“Niyet Hayır, Akıbet Hayır” toplantıları kapsamında Konya’da konuşan eski Bayındırlık ve İskan Bakanı Koray Aydın ve 19, 21, 24 ve 25. Dönem MHP Milletvekili Koray Aydın, 16 Nisan’da yapılacak referandumda “evet” çıkması halinde demokratik rejim yerine bütün yetkilerin tek elde toplandığı otoriter bir rejimin kurulacağını belirtti. Aydın; "
yasama, yürütme, yargı tek bir elde toplanır. Etkisiz, yetkisiz, aciz, sembolik bir Meclis ortaya çıkar. Meclisi mezara, demokrasiyi de tarihe gömeriz." dedi. Aydın,
referandumdan evet çıkması halinde devlete sadakatin yerine tek bir kişiye sadakatin alacağını, yasama, yürütme ve yargının tek elde toplanacağını, iktidarın il ve ilçe başkanlarının taşrada yönetimi ele alacağını ve tam bir parti devleti kurulacağını söyledi.
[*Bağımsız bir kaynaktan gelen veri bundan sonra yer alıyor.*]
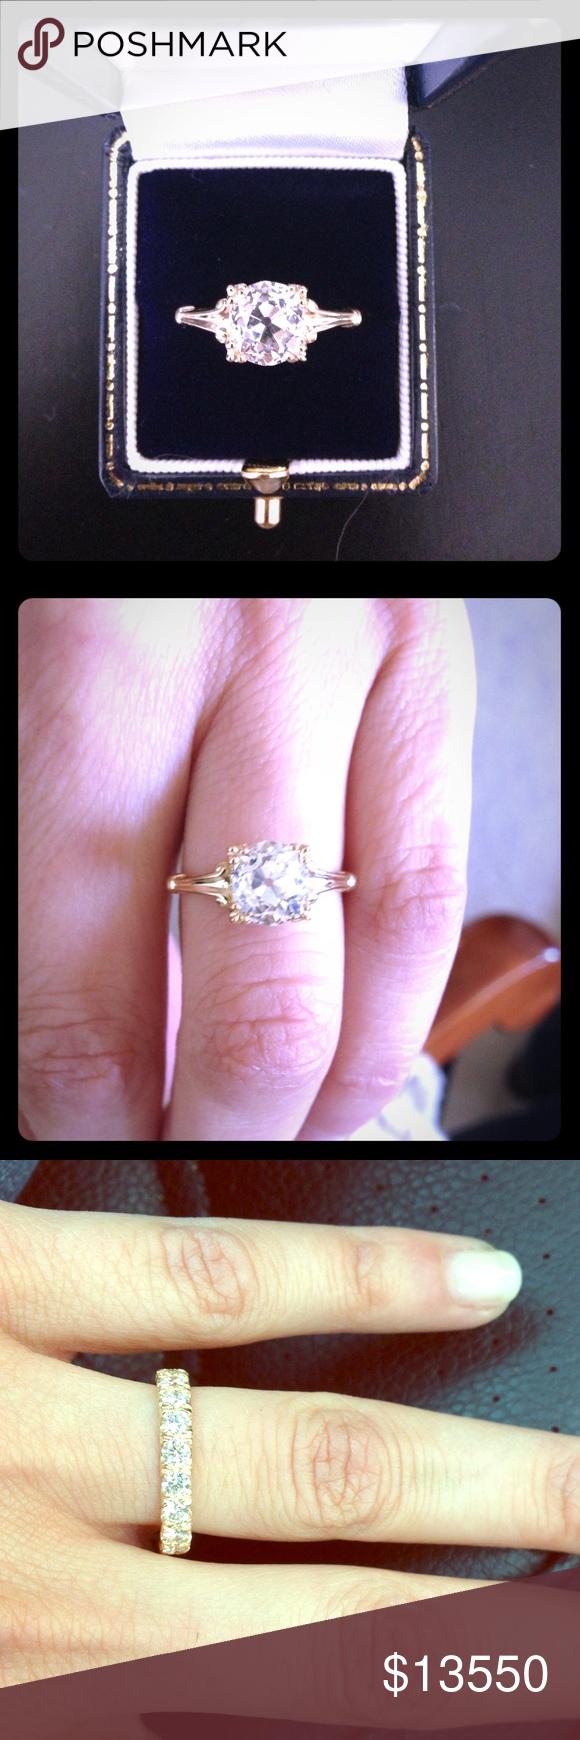 Engagement Ring & Wedding Band (set) | My Posh Picks | Pinterest
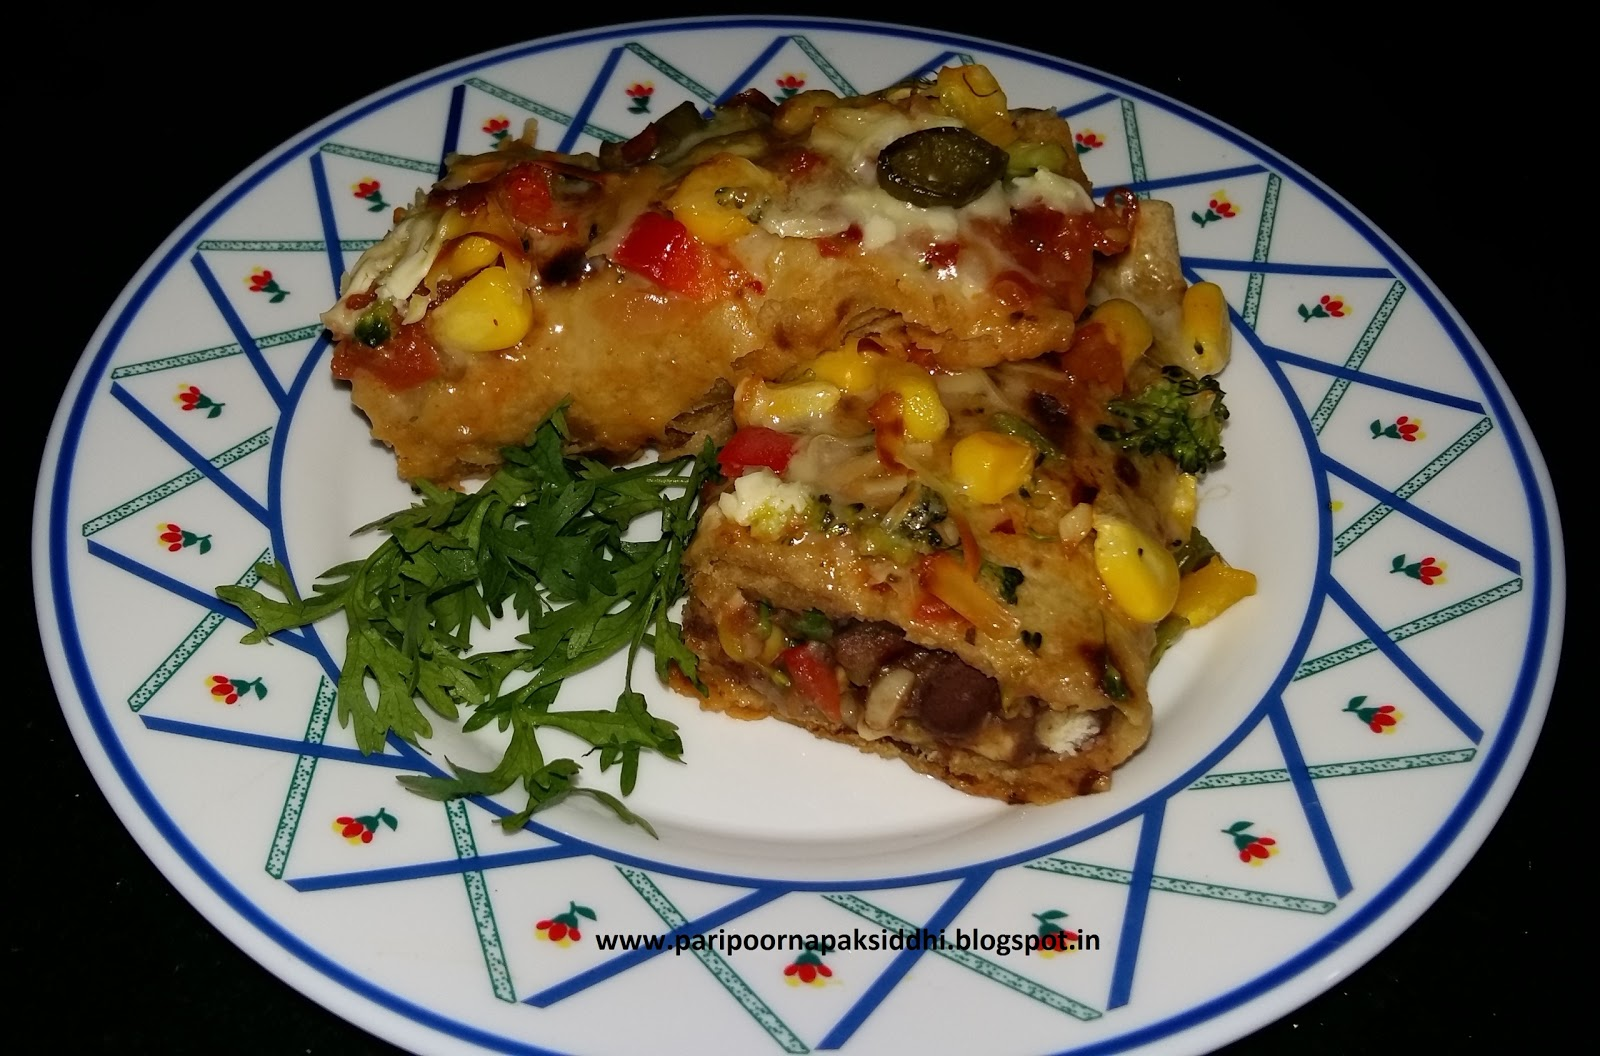 10 Best Vegetarian Mexican Enchiladas Recipes - Yummly
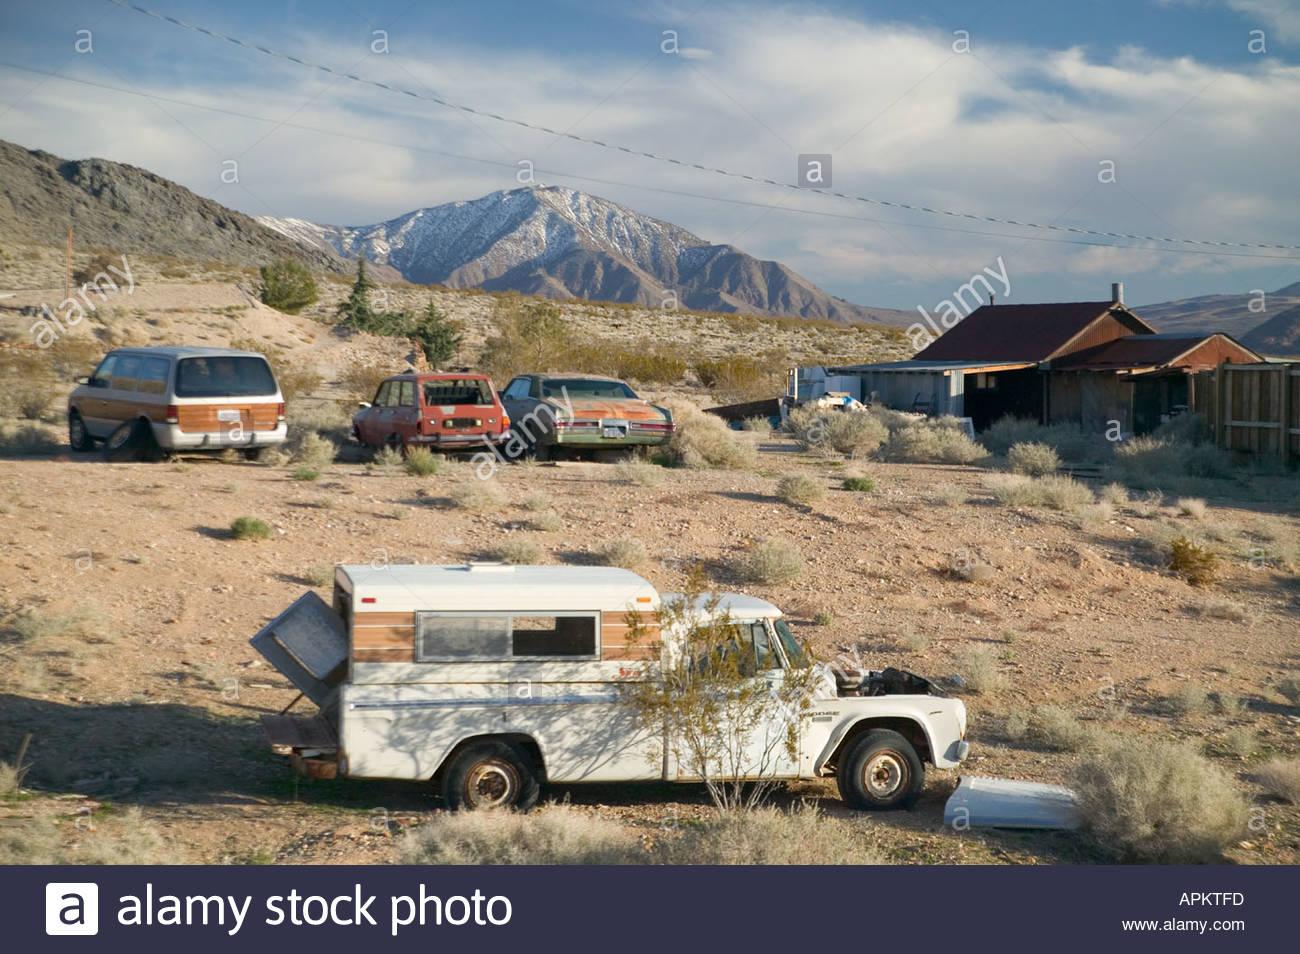 Junk cars. (Darwin, California, USA Stock Photo: 5164284 - Alamy

KÖTÜ GÜNLERE GÜNEŞ GİBİ DOĞMAYA ÜMİDİN DİYARINDAN BAŞLAMAYA GELDİK
Konya'da düzenlenen geniş katılımlı toplantıya Mevlana’nın bir şiirine atıf yaparak başlayan Koray Aydın “kötü günlere güneş gibi doğmaya, ümidin diyarından
Konya’dan başlamaya geldik” dedi. Coşkulu bir kalabalığa hitap eden Aydın, referanduma sunulan Anayasa değişiklik teklifini sert bir şekilde eleştirdi. İktidarın kendisinin bile inanmadığı bir sistemi, millete inandırmaya çalıştığını kaydeden Aydın, ne istediğinin farkında olmayan Başbakanın kapı kapı gezerek kendisine ihtiyaç olmadığını söylediğini anlattı.Koray Aydın şöyle devam etti: “
Bunlar önce başkanlık sistemi dediler olmadı, yarı başkanlık dediler olmadı, partili cumhurbaşkanlığı dediler olmadı, şimdi de cumhurbaşkanlığı hükümet sistemi diyorlar. Bunlar ne zaman kendilerinden olmayan çocuğa isim koymaya kalktılar, bu millet çok acı çekti'' dedi.Sözde çözüm sürecine konulan isimleri örnek gösteren Koray Aydın, başlangıçta “açılım”, “Kürt açımı”, “demokratik açılım” ve “milli birlik ve kardeşlik açılımı” denen ve tam olarak tanımlanamayan politikaların Türkiye’ye faturasının çok ağır olduğunu, basiretsiz, başarısız ve beceriksiz politikalar sonucunda birçok vatan evladının şehit olduğunu belirtti.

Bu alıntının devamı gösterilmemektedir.